(Dataset excerpt Opens)
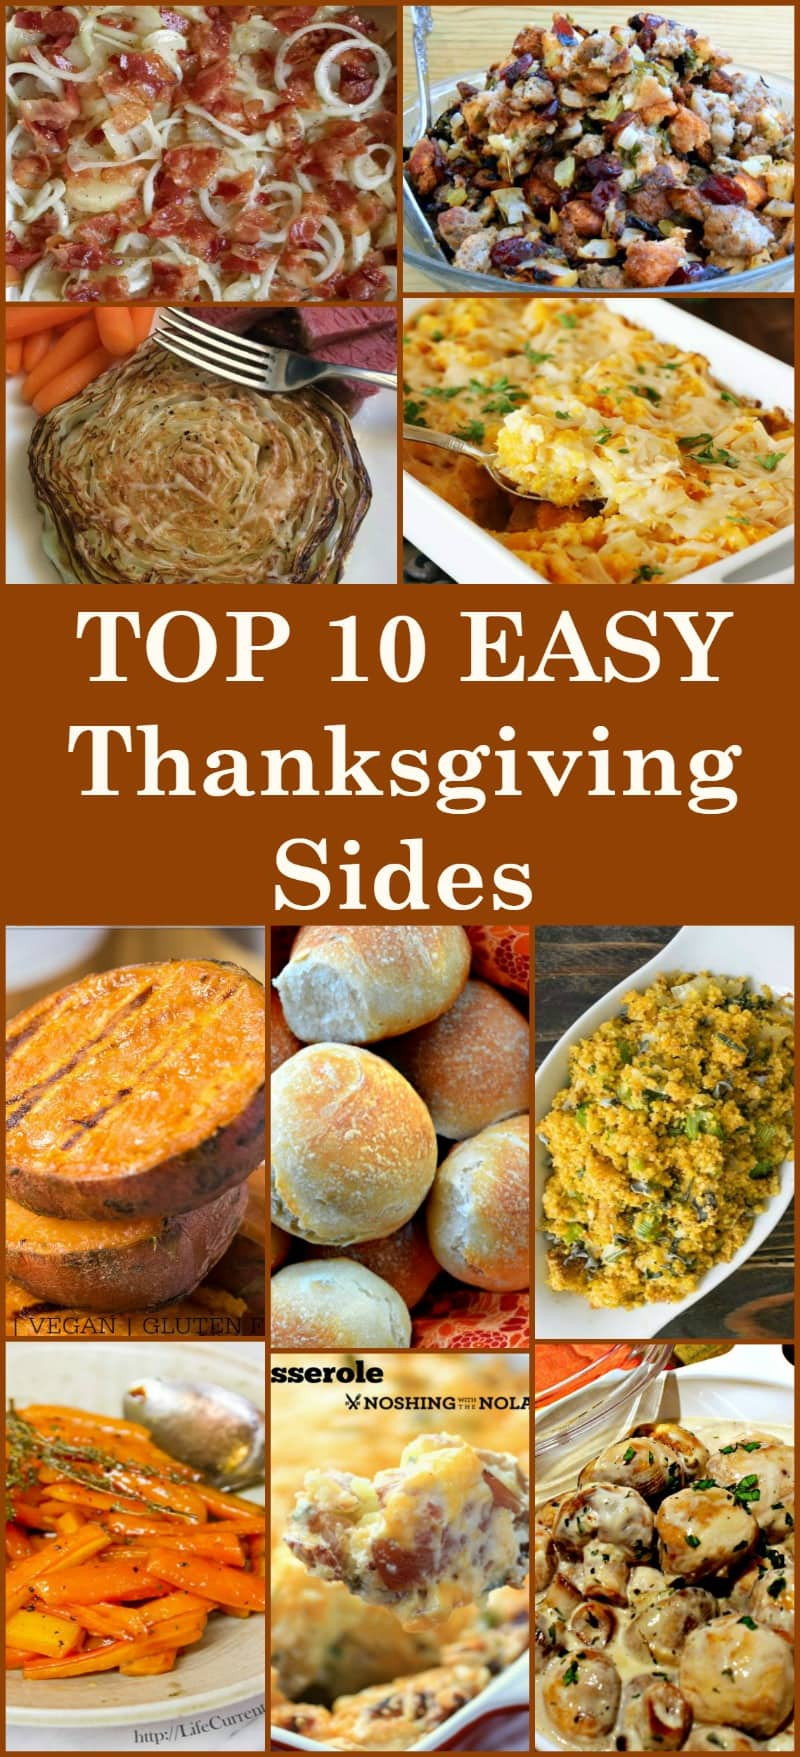 Make Ahead Sides For Thanksgiving
 Best 30 Make Ahead Sides for Thanksgiving Most Popular
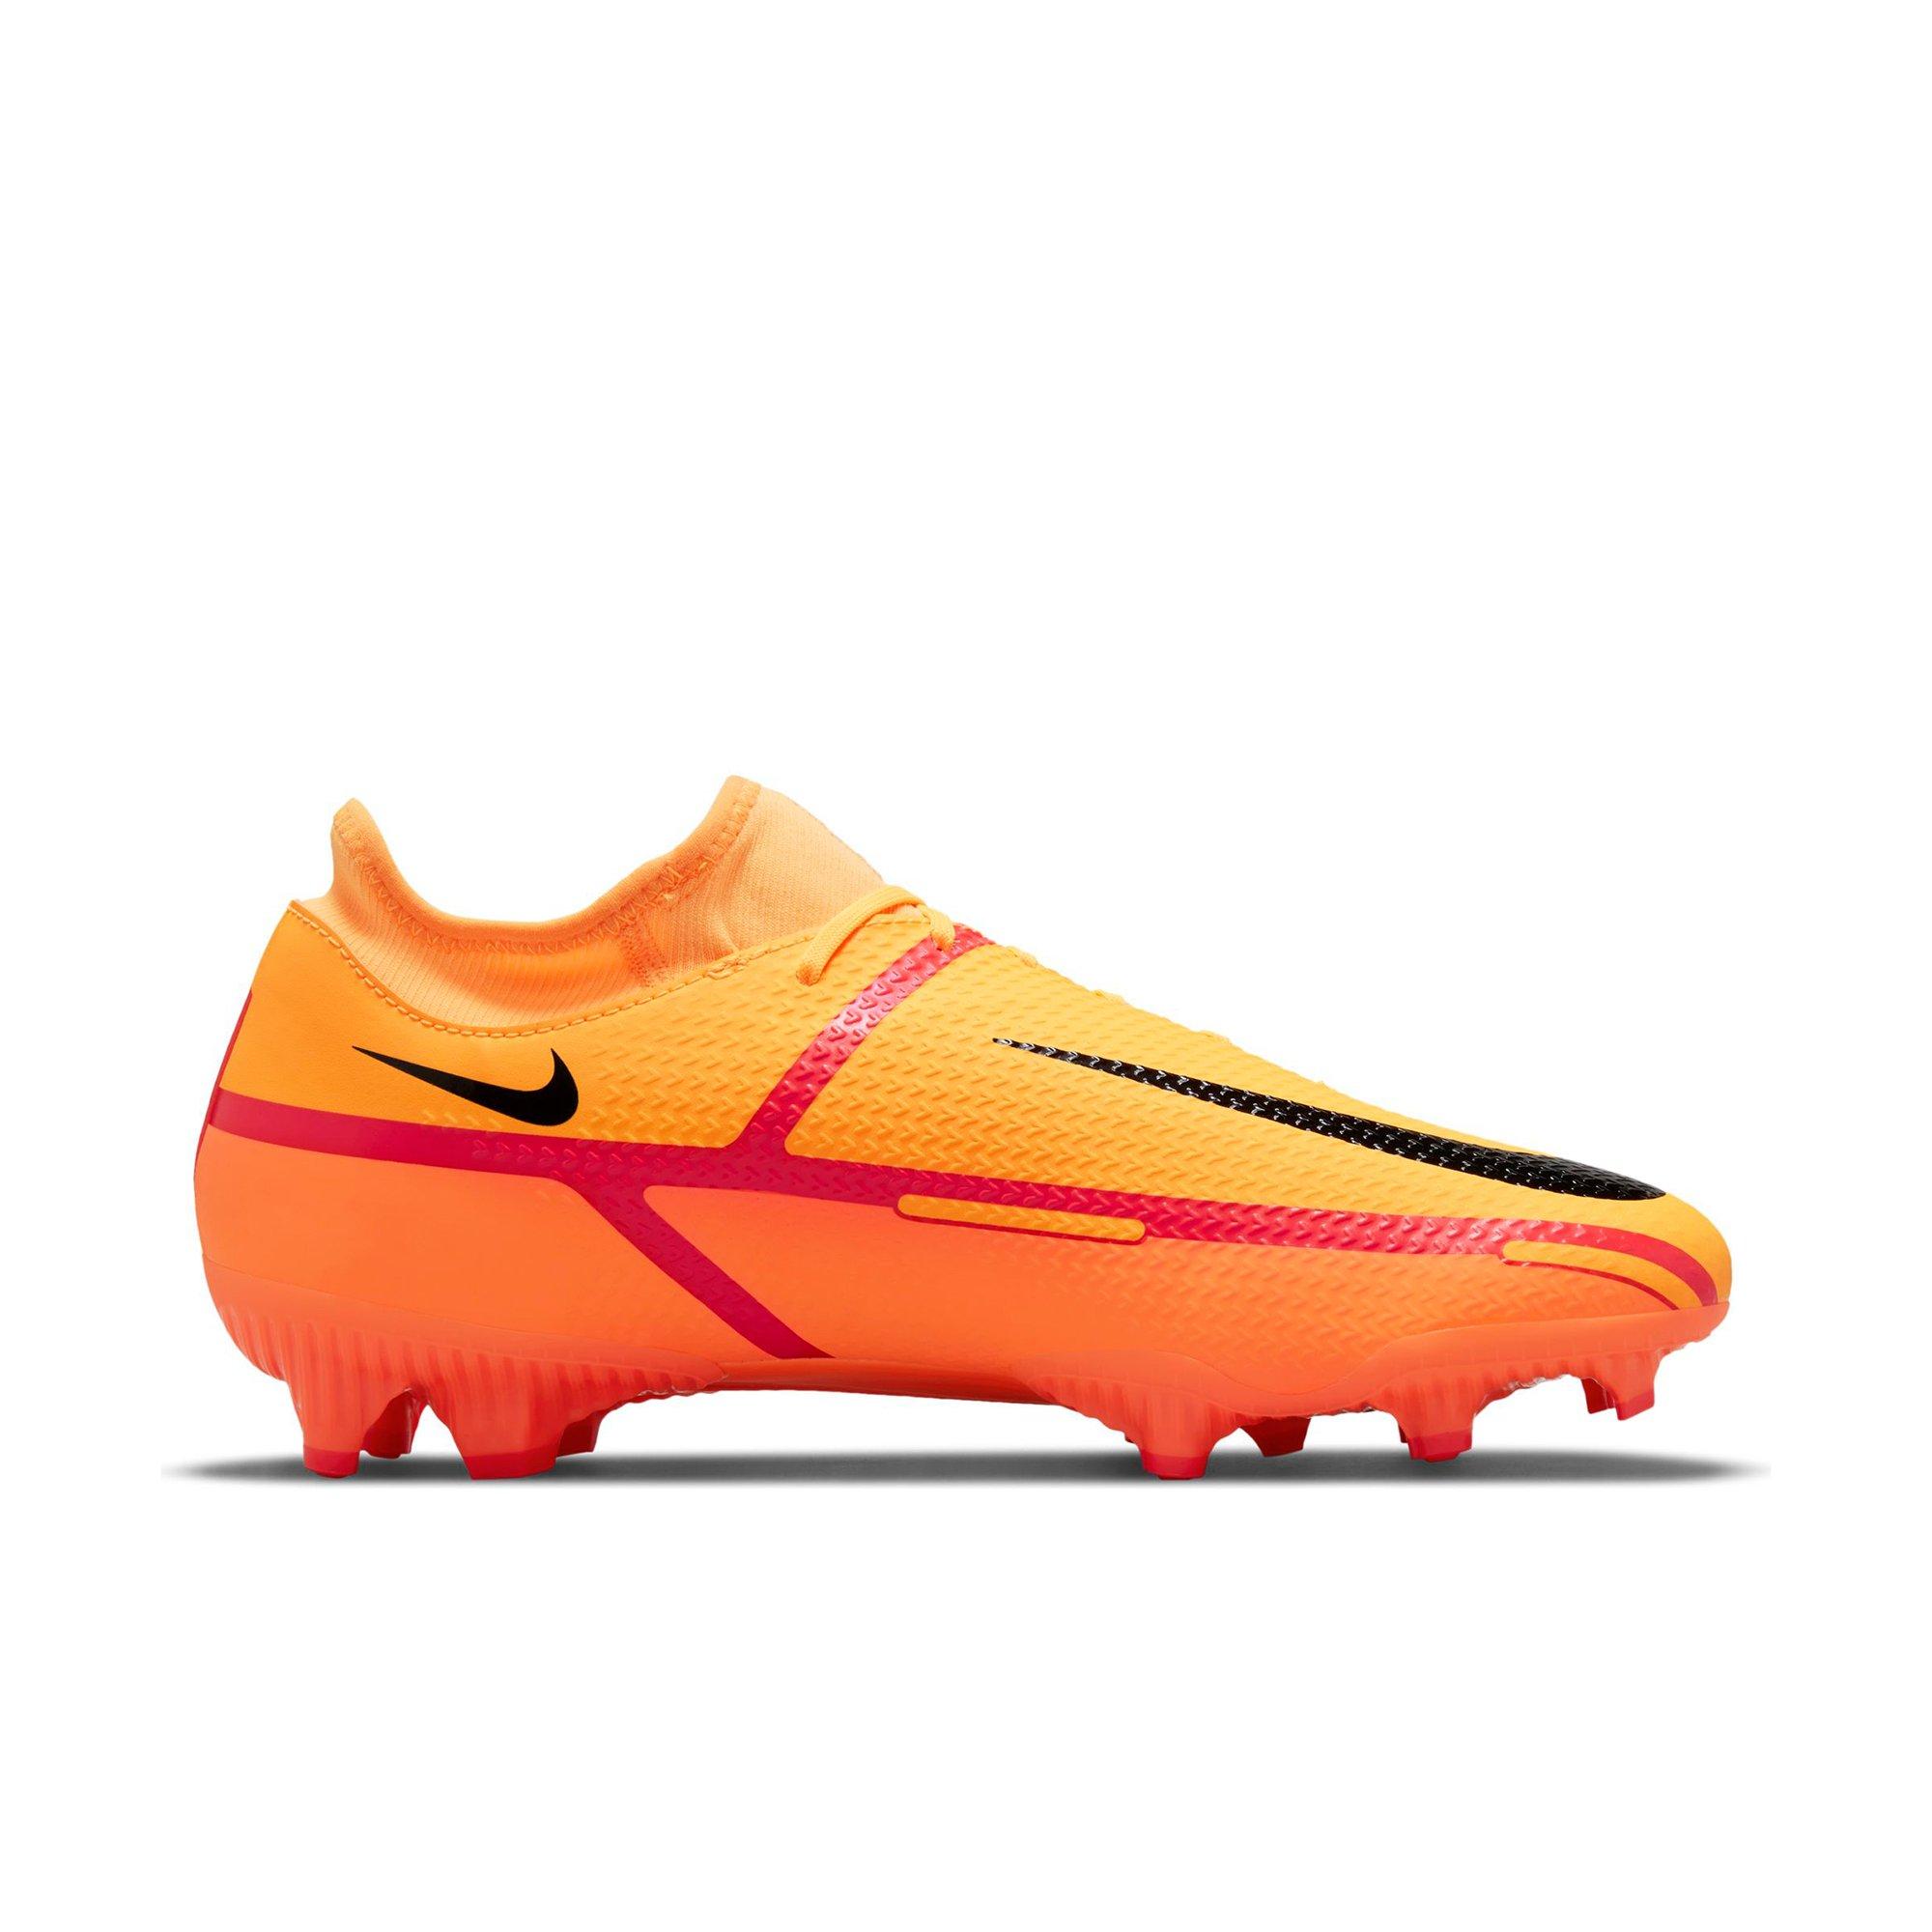 Nike GT2 Academy Dynamic Fit MG "Laser Orange/Black" Men's Soccer Cleat
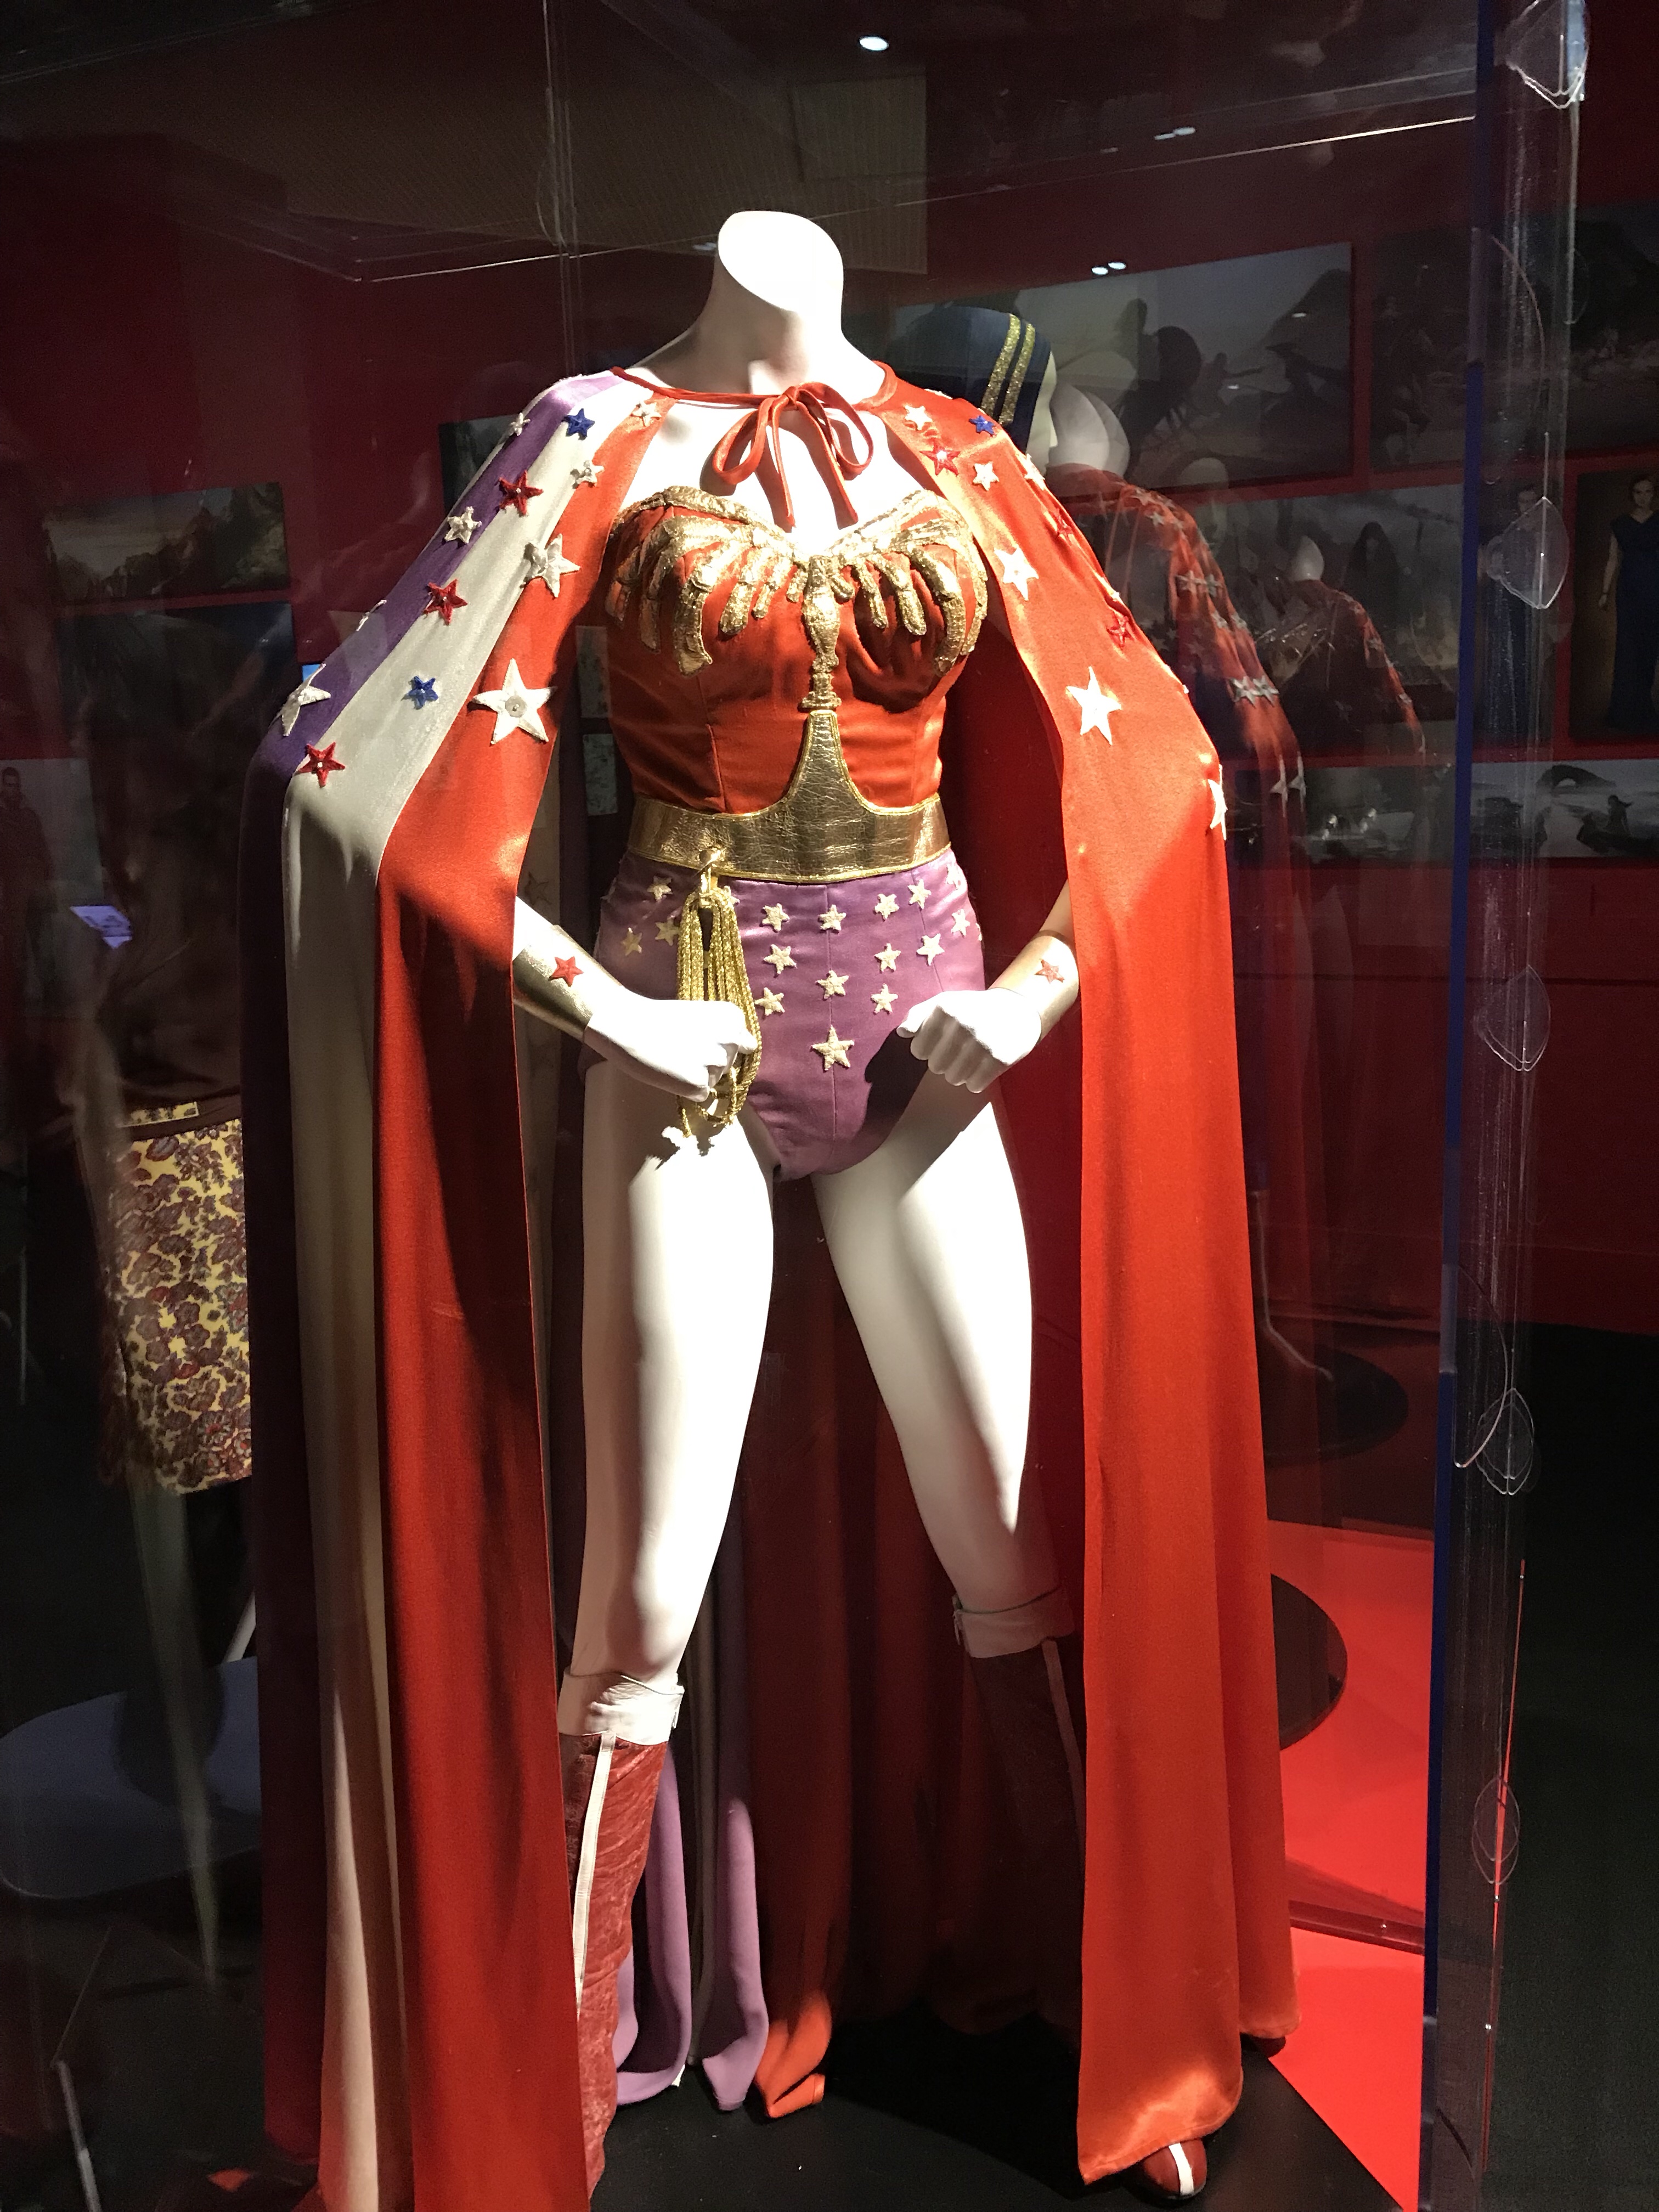 Lynda Carter's Wonder Woman Costume in the TV show.
(Dataset excerpt Closes)
The task:
Output all the data, exactly, without images.

Response:
 Make Ahead Sides For Thanksgiving
 Best 30 Make Ahead Sides for Thanksgiving Most Popular
 Nike GT2 Academy Dynamic Fit MG "Laser Orange/Black" Men's Soccer Cleat
 Lynda Carter's Wonder Woman Costume in the TV show.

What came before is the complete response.